Zur Früherkennung der Krankheit werden die Neugeborenen gescreent, innerhalb weniger Tage nach ihrer Geburt, um das Niveau der Schilddrüse stimulierende Hormon (TSH) und Thyroxin (T4) zu überprüfen. Wenn ein hohes Maß an Schilddrüsen-stimulierendes Hormon oder niedrigen Thyroxin erkannt wird, werden weitere Tests, um herauszufinden, die eigentliche Ursache des Problems durchgeführt.

Die Behandlung von angeborenen Hypothyreose ist ganz einfach. Die Krankheit ist mit einer täglichen Dosis von Thyroxin, in der Regel in Form von Tabletten, die mit einer kleinen Menge Wasser oder Milch verabreicht behandelt werden. Nach einigen Wochen, wird die Höhe der TSH und Thyroxin erneut, um die Wirksamkeit der Behandlung zu bewerten überprüft.

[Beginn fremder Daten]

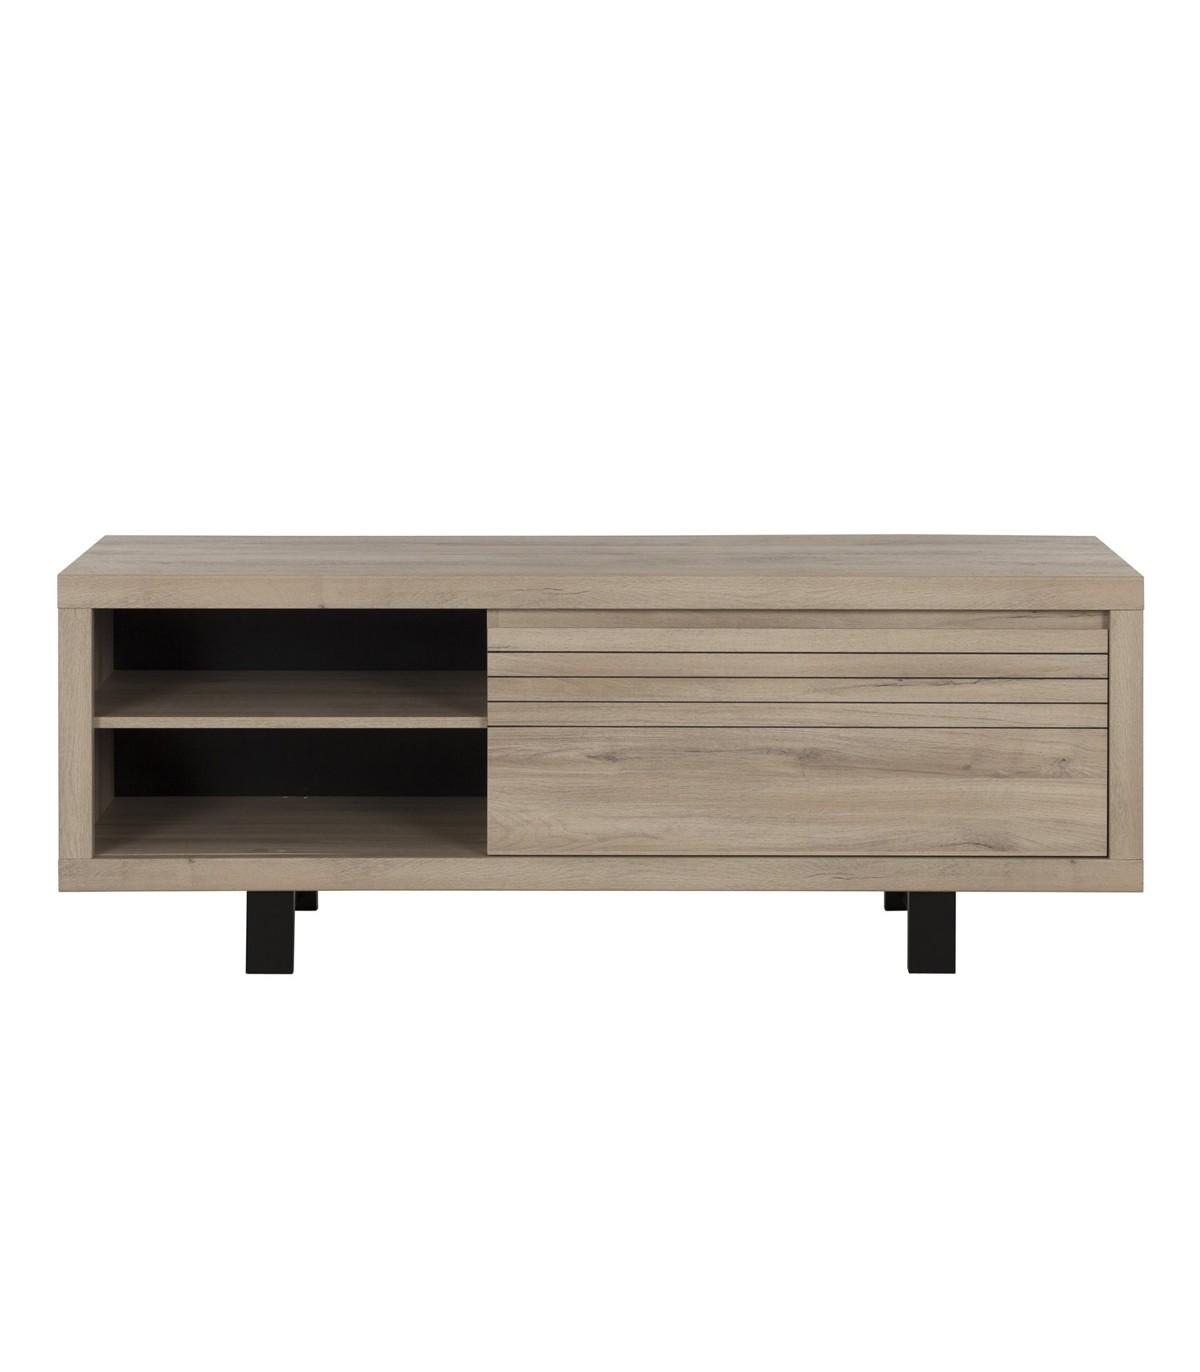 Meuble TV 1 tiroir et 2 niches avec pieds en métal - Marron

Säuglinge mit angeborenen Hypothyreose haben meist eine normale Rate von Wachstum und Entwicklung, wenn die Krankheit diagnostiziert und behandelt wird in einem frühen Stadium. Allerdings haben einige Studien kleinere Probleme mit Gedächtnis und Aufmerksamkeit bei jenen Kindern, die entweder erhielten eine verzögerte Behandlung oder niedrigere Anfangsdosis Dosen des Hormons Thyroxin bekannt gegeben. Daher ist der Schlüssel zur richtigen Behandlung der kongenitalen Hypothyreose die Früherkennung dieser Krankheit. Außerdem ist die Aufnahme der erforderlichen Menge an Iod, insbesondere während der Schwangerschaft, auch wichtig, die Häufigkeit des Auftretens der Erkrankung zu verringern.